- Born: Janne Elisabeth Nijman 8 May 1972 (age 53) Geldrop, Netherlands

Academic background
- Education: Eindhovens Protestants Lyceum
- Alma mater: Leiden University (LLM, PhD) University of Strasbourg
- Thesis: The Concept of International Legal Personality: An Inquiry into the History and Theory of International Law (2004)
- Doctoral advisors: John Dugard and Thomas Mertens
- Other advisors: Peter Kooijmans

Academic work
- Discipline: Public international law
- Sub-discipline: History and theory of international law
- Institutions: University of Amsterdam Graduate Institute of International and Development Studies T.M.C. Asser Instituut
- Website: University of Amsterdam

= Janne Nijman =

International lawyer

Janne Elisabeth Nijman (born 8 May 1972 in Geldrop) is a professor of international law at the University of Amsterdam and at the Graduate Institute of International and Development Studies in Geneva.
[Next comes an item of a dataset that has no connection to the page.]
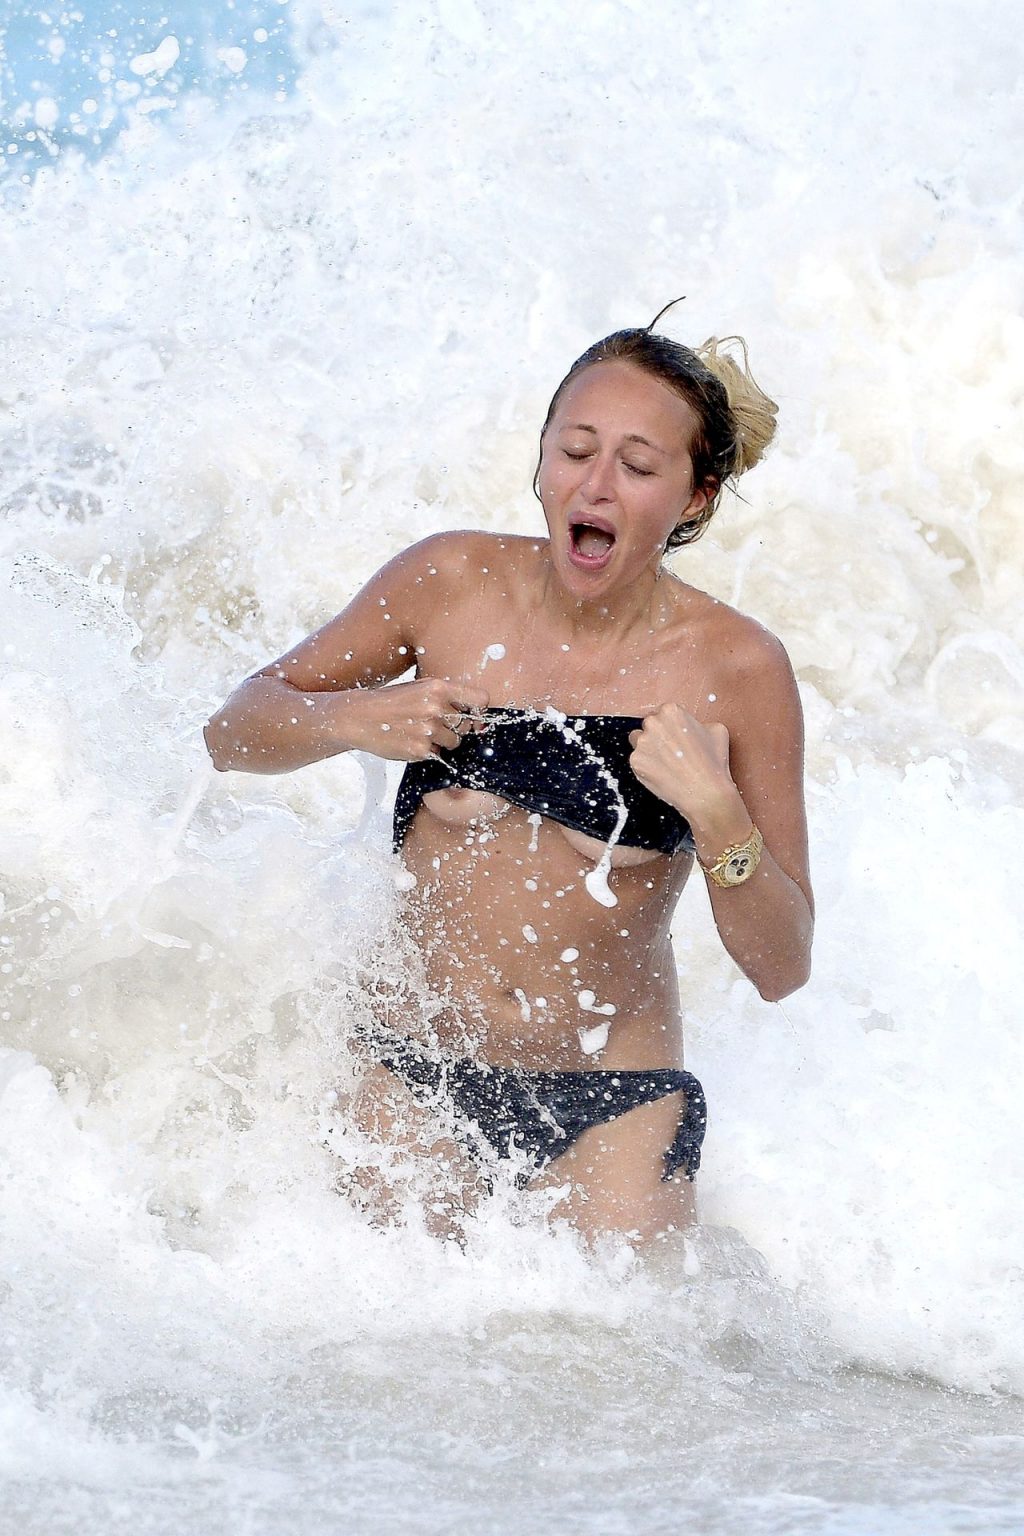 Lana Scolaro Shows Her Nude Tits on the Beach (12 Photos)

Her main research interests concern the history and theory of international law, questions of subjectivity in international law, and the role of cities in international law and global governance.

== Career ==

Nijman completed her PhD in law at Leiden University in 1996 under the guidance of John Dugard and
Th.J.M. Mertens. She was chairperson of the executive board and academic director of the T.M.C. Asser Instituut in The Hague from 2015 to 2022. Nijman has also held academic positions at Leiden University, New York University, the Johns Hopkins University, and the University of Cambridge.

She was a co-recipient of the Collaborative Book Prize, awarded by the European Society of International Law, for the book “Research Handbook on International Law and Cities”

She is a member of the Christian Democratic Appeal (CDA) and writes a column with Herman Van Rompuy for the magazine Christian Democratic Explorations.